March 4 (Bloomberg) -- A Hong Kong government-appointed working group recommended that HK$220 billion ($28 billion) of reserves from land sales be turned into a savings fund to help tackle projected fiscal deficits.
The Working Group on Long-Term Fiscal Planning suggested that the government set up the fund as soon as possible and contribute a fixed percentage of its surplus for at least 10 years, according to its report released yesterday.
The group is urging Financial Secretary John Tsang to take measures to start saving for future generations, expand the revenue base, curtail spending and improve management of assets. Hong Kong’s aging population will help drive a 5.3 percent annual government expenditure increase through 2041, outstripping the 4.4 percent nominal economic growth, according to the report.
“In view of the anticipated future spending pressure for Hong Kong, the working group recommends that the government should start saving for the future,” it said in the report.
A Land Fund Trust was set up in August 1986 to manage revenue from land sales between the Sino-British agreement in May 1985 to return the city to Chinese rule and the handover in July 1997, according to information posted on the website of the Hong Kong Monetary Authority. Money from the trust was transfered into the existing Land Fund in 1997.
The Future Fund, which is what the working group called the proposed fund, should be set up with the HK$220 billion in the Land Fund. With the government contributing one-third of its future budget surpluses, and a projected 5 percent annual investment return, the fund could swell to about HK$510 billion in 10 years if it’s set up in the 2015 fiscal year.
That would represent about 15 percent of the city’s nominal economy, the group said. It also recommended that the fund not be drawn down for a number of years.

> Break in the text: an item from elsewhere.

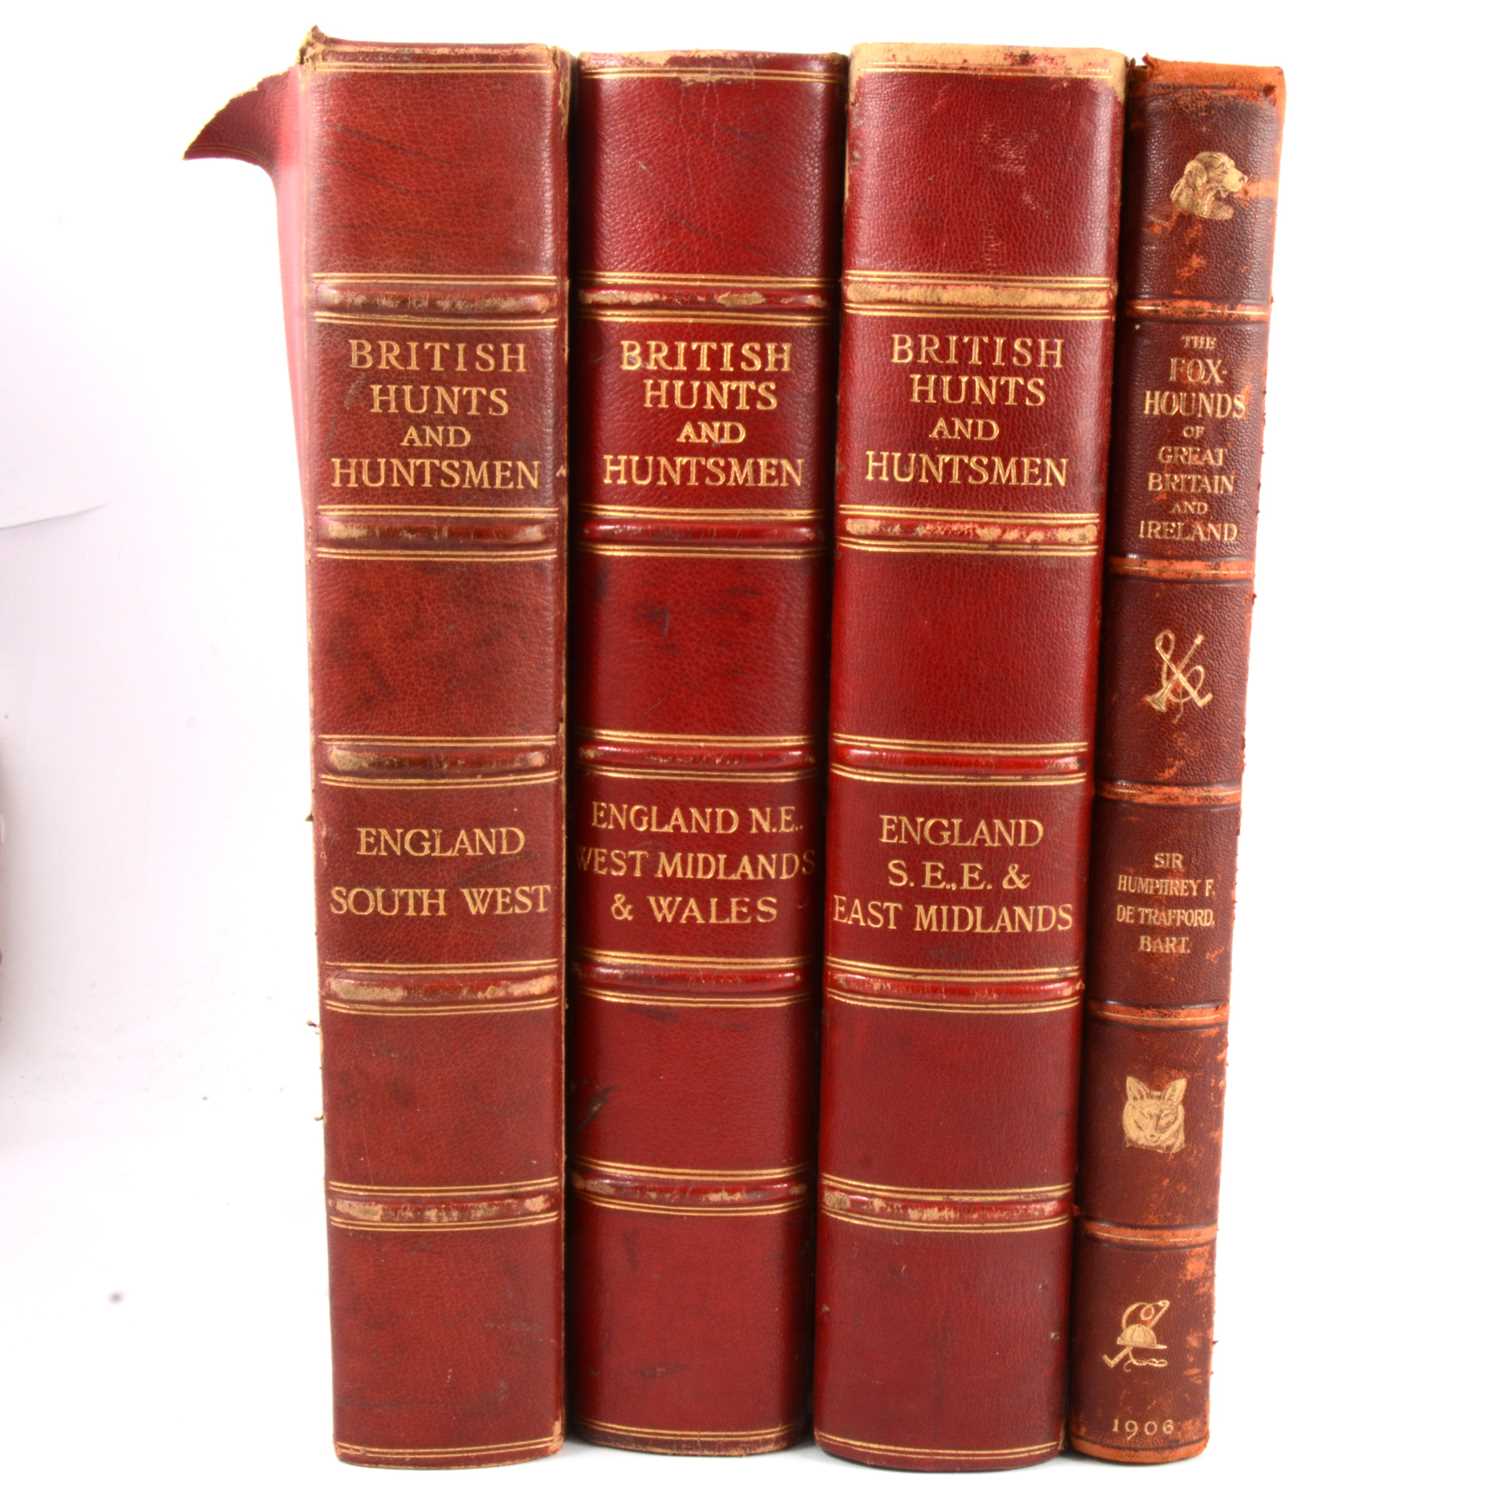 Lot 108 - British Hunts and Huntsmen, 3 volumes, and de Trafford, Sir Humphrey F., The Fox Hounds of Great Britain & Ireland.

The Land Fund has served as a de-facto standby facility for the government since the 1998 fiscal year, and has no designated expenditure, the group said. It has investment returns, the group said, without giving details.
The government made two withdrawals from the fund worth HK$160 billion in the 2004 and 2005 fiscal years to cover budget deficits, the report said. The city’s financial secretary needs the approval of legislators to draw down the money.